А во втором письме прямо напишет: «Освободите меня. Заклинаю: вышлите ответ, ваше мнение будет иметь значение. Если Пушкину трудно было быть камер-юнкером, то еще труднее мне быть новобранцем в 30 лет, в низменной и грязной среде 6-й роты…»
Это он пишет в 1916 году, когда как раз задумал организовать «Товарищество 317-ти членов», куда приглашал Кульбина. Потом товарищество переименует, и все в нем станут «Председателями Земного Шара». Хлебников сформулирует задачу председателей: «Будем избегать средневековых споров о числе волос на бороде бога». То есть о пустом, бренном говорить не будем. Но в том же, 1916-м он встретит того, кто, спасая, погубит его. И выведет на крышке гроба поэта: «Председатель Земного Шара».
Что это за человек? Я назову его имя, но – у последнего дома поэта.
49. ДОСКИ СУДЬБЫ (Адрес третий: Васильевский остров, 12-я линия, 53)
«Трудно тебе умирать?» – спросила Хлебникова за день до смерти Фонка, няня, жившая в деревенском доме художника Митурича. «Да», – ответил «кукушонок». Видимо, это было последнее слово «короля слов» на этой земле.

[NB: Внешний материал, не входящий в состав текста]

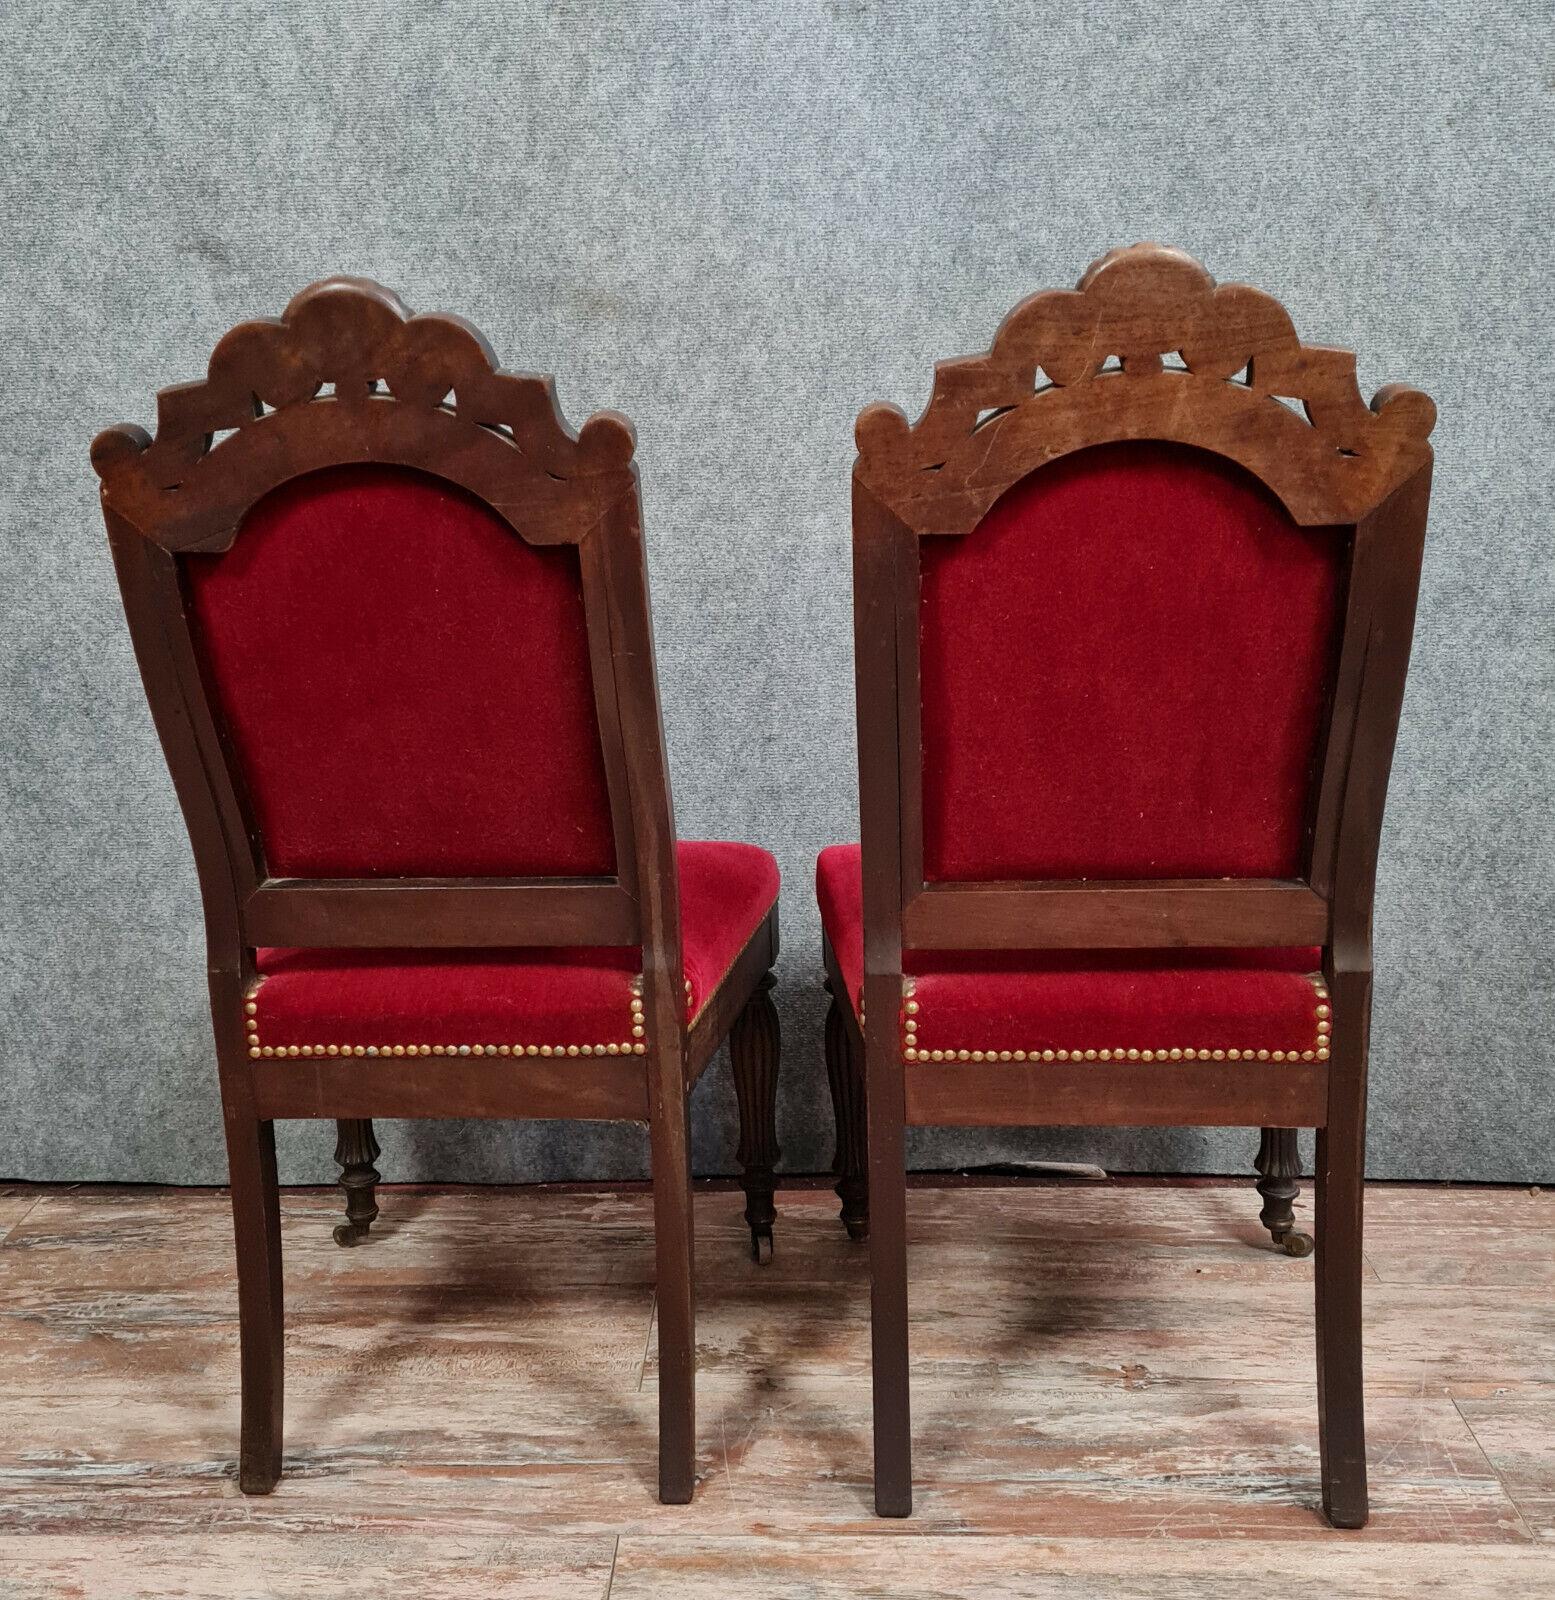 Exquisite Set of 4 Restauration Period Mahogany Chairs, circa 1820 -1X32 For Sale 7

А за пять дней до смерти на окно глухой бани, где умирал поэт, в сорока километрах от ближайшей станции, прилетел ворон. Клюв его стучал о стекло, как метроном из преисподней. Птица прилетела к птице, ворон – к кукушонку. Да, Хлебников, гениальный поэт, Председатель Земного Шара, открыватель языка, законов времени и космоса, остался кукушонком – чужим не только в гнездах поэтических салонов и ученых собраний, в домах друзей и любимых, он оказался (трудно произнести!) чужим в необъятном гнезде Родины.
За два месяца до смерти сказал Мандельштаму, что не хочет уезжать в глушь, куда его тянет Митурич. Но жить негде. Мандельштам, деливший в те дни в Москве с поэтом ежедневную свою кашу, кинулся к Бердяеву, тогда председателю Союза писателей. Перед Хлебниковым, кричал, «блекнет вся мировая поэзия, он заслуживает комнаты хотя бы в шесть метров». Увы, Бердяев был бессилен. И поэт, не излечившийся еще от малярии, уехал в Санталово. Уехал умирать. Ему было как раз тридцать семь, столько же, сколько Пушкину и Байрону в час смерти.
«Когда будущее становится прозрачным, теряется чувство времени, – объяснял он за три месяца до смерти открытый им закон времени, – кажется, что стоишь неподвижно на палубе предвидения. Чувство времени исчезает, оно походит на поле впереди и поле сзади, становится своего рода пространством…» Поразительно! Это было сказано в унисон с Эйнштейном, и только ныне мы подбираемся к доказательствам этого феномена. Но у Хлебникова впереди были только поле у Санталова и смерть, а позади – поле труда и, признаемся, невзирая на громкие похвалы собратьев на ниве искусства, сплошных унижений.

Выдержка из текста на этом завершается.